The chart clearly shows how I have been generally tracking quite well against this benchmark, with the exception of 2008 when the GFC caused me to have to liquidate a large part of my geared share portfolio at the bottom of the market. Over the past four years I have been slowly making up ground against the benchmark, probably due to my portfolio being overweight in Sydney real estate and the stock market, whereas many of those on the "rich-200" list have a large part of their wealth tied up in resource companies.

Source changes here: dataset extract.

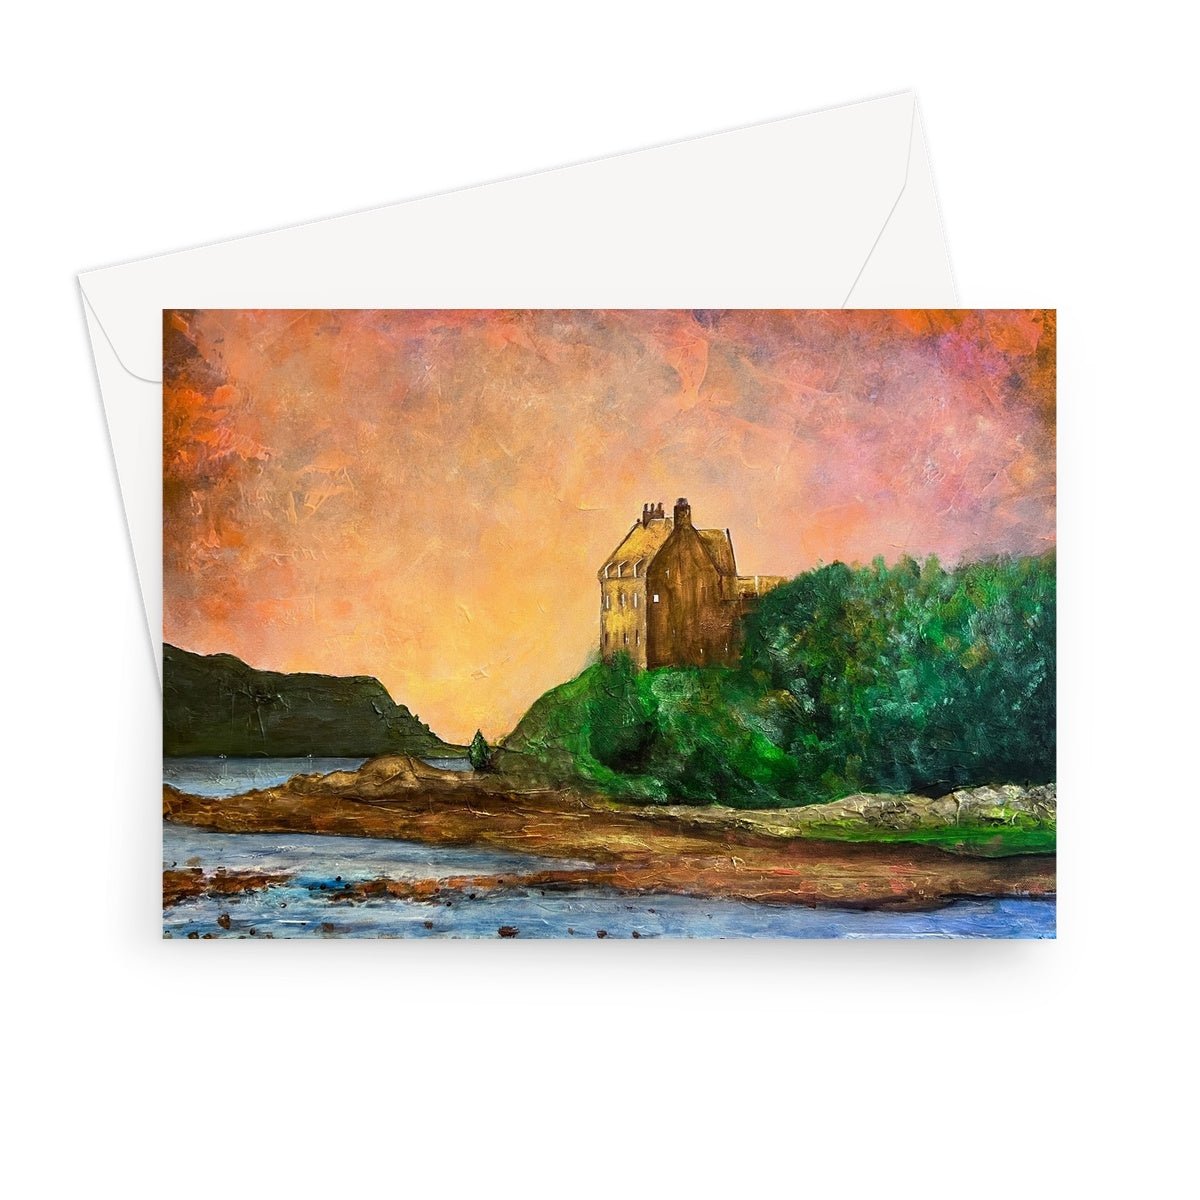 Duntrune Castle Art Gifts Greeting Card-Greetings Cards-Scottish Castles Art Gallery-7"x5"-1 Card-Paintings, Prints, Homeware, Art Gifts From Scotland By Scottish Artist Kevin Hunter

This benchmark is quite challenging due to a couple of reasons:
1. Being limited to the wealthiest 200 Australians, the population growth means that this is slowly becoming a more exclusive cohort
2. As under-performers get dropped from the list, the cut-off is biased towards those with the best investment performance

On the other hand, starting from a relatively low level of net worth means that initially my income was a large percentage of my net worth, and that savings were making a large contribution to my increasing net worth. This effect is slowly diminishing as my net worth grows to a larger multiple of my salary package (currently around 13.7x) and hence the ROI of my existing investments starts to outweigh the increase due to my savings. Of course, once I retire and start to draw down on my savings, rather than adding to them, it will be almost impossible for my net worth to keep pace with this bench mark...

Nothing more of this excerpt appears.